In terms of robotics, BCP or PCT seems a lot like Rodney Brooks’ Subsumption Architecture: Eliezer has written a not particularly favourable post about it. It was such an important idea, it formed the basis for nearly all robots for quite a long time. It is an idea he had in the 1980s when we was bitten by a mosquito in Indonesia while on holiday there I believe. At the time, all robots were programmed using rules, probably close to the lookup table approach you mention, and were very slow, and not particularly useful.
Brooks’ idea was to mimic the behaviour of very simple animals and work up to humans (bottom-up approach), rather than the other way around, which was try and create robots from logic given certain situations and rules (top-down approach).
A summary of his ideas is this 1990 paper, Elephants don’t play chess.
I thought it would be interesting to introduce this idea here since subsumption in my mind links with BCP (or PCT) to an important sub-set of the AI world, robotics, which shows clear examples of the theory in practice.
Just to let you know, the main problems that have been found with implementation of subsumption-style AI is that successive layers or heirachies of control get quite difficult to implement. Its major criticism has been although it has led to the ability to create robots that handle real-world environments very well, they tend to ‘think’ on the same level as insects; there are difficulties in implementing higher level thinking, i.e. logic and reasoning.

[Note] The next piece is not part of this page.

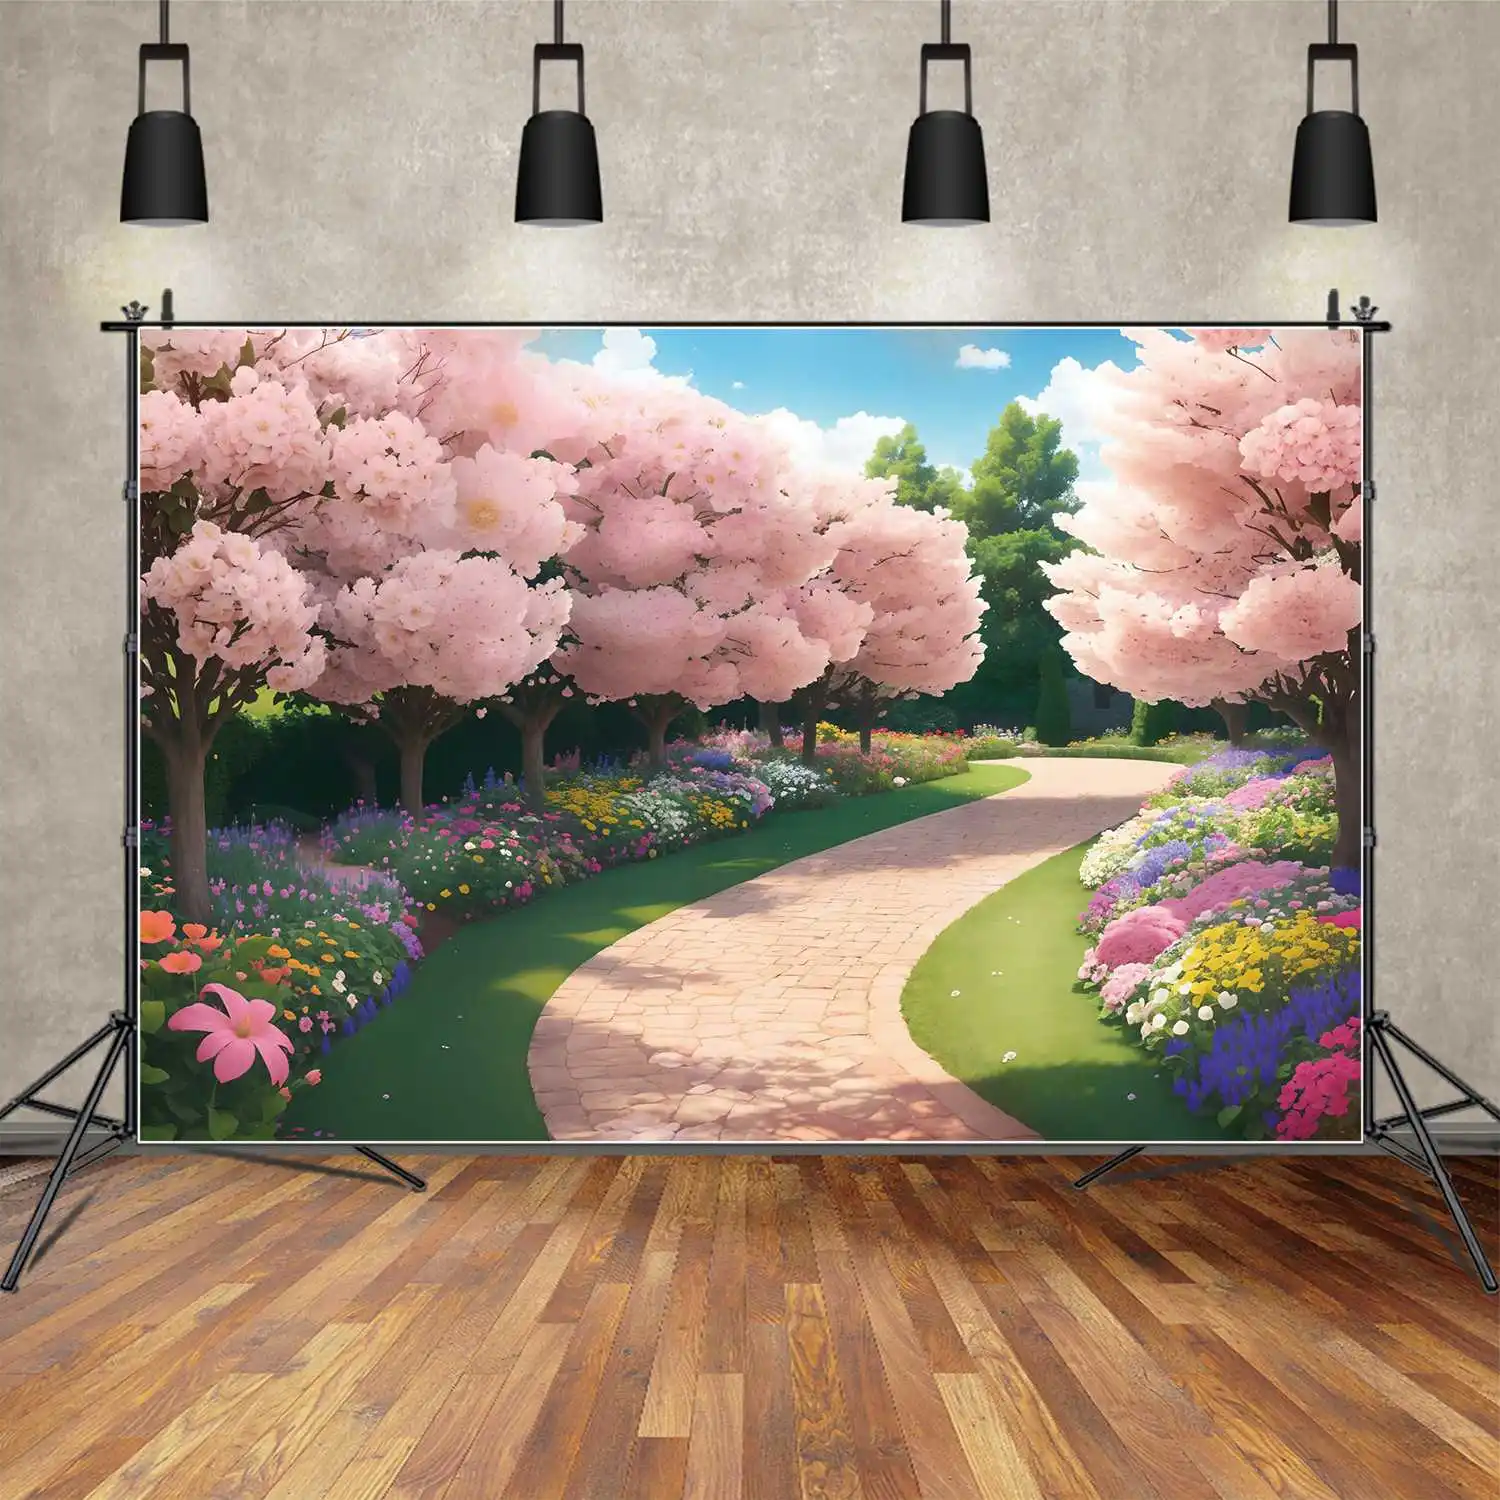 

Garden Floral Road Photography Backdrops Decor Pink Blossom Custom Children'S Photobooth Photographic Backgrounds Props

There is an important difference between hierarchical PCT and subsumption.
In subsumption, higher-level controllers operate instead of lower-level controllers. When a higher-level controller needs to do something, it overrides lower-level controllers in order to do it. The robot senses an obstacle, so the “walk forwards” code is suspended while the “avoid obstacle” code takes over driving the legs.
In HPCT, higher-level controllers operate by means of lower-level controllers. When a higher-level controller needs to do something, it does so by setting reference levels for lower-level controllers. When the robot encounters an obstacle, the reference for desired direction of motion is changed, and the walk controllers continue to do their job with a different set of reference signals. The obstacle-avoidance controller does not even need to know whether the robot is on legs or wheels, only that it can send a signal “go in this direction” and it will happen. Each layer of controllers, in effect, implements a set of virtual actuators for the next level up to use.
In terms of robotics, BCP or PCT seems a lot like Rodney Brooks’ Subsumption Architecture: Eliezer has written a not particularly favourable post about it. It was such an important idea, it formed the basis for nearly all robots for quite a long time. It is an idea he had in the 1980s when we was bitten by a mosquito in Indonesia while on holiday there I believe. At the time, all robots were programmed using rules, probably close to the lookup table approach you mention, and were very slow, and not particularly useful. Brooks’ idea was to mimic the behaviour of very simple animals and work up to humans (bottom-up approach), rather than the other way around, which was try and create robots from logic given certain situations and rules (top-down approach). A summary of his ideas is this 1990 paper, Elephants don’t play chess. I thought it would be interesting to introduce this idea here since subsumption in my mind links with BCP (or PCT) to an important sub-set of the AI world, robotics, which shows clear examples of the theory in practice. Just to let you know, the main problems that have been found with implementation of subsumption-style AI is that successive layers or heirachies of control get quite difficult to implement. Its major criticism has been although it has led to the ability to create robots that handle real-world environments very well, they tend to ‘think’ on the same level as insects; there are difficulties in implementing higher level thinking, i.e. logic and reasoning.
There is an important difference between hierarchical PCT and subsumption.
In subsumption, higher-level controllers operate instead of lower-level controllers. When a higher-level controller needs to do something, it overrides lower-level controllers in order to do it. The robot senses an obstacle, so the “walk forwards” code is suspended while the “avoid obstacle” code takes over driving the legs.
In HPCT, higher-level controllers operate by means of lower-level controllers. When a higher-level controller needs to do something, it does so by setting reference levels for lower-level controllers. When the robot encounters an obstacle, the reference for desired direction of motion is changed, and the walk controllers continue to do their job with a different set of reference signals. The obstacle-avoidance controller does not even need to know whether the robot is on legs or wheels, only that it can send a signal “go in this direction” and it will happen. Each layer of controllers, in effect, implements a set of virtual actuators for the next level up to use.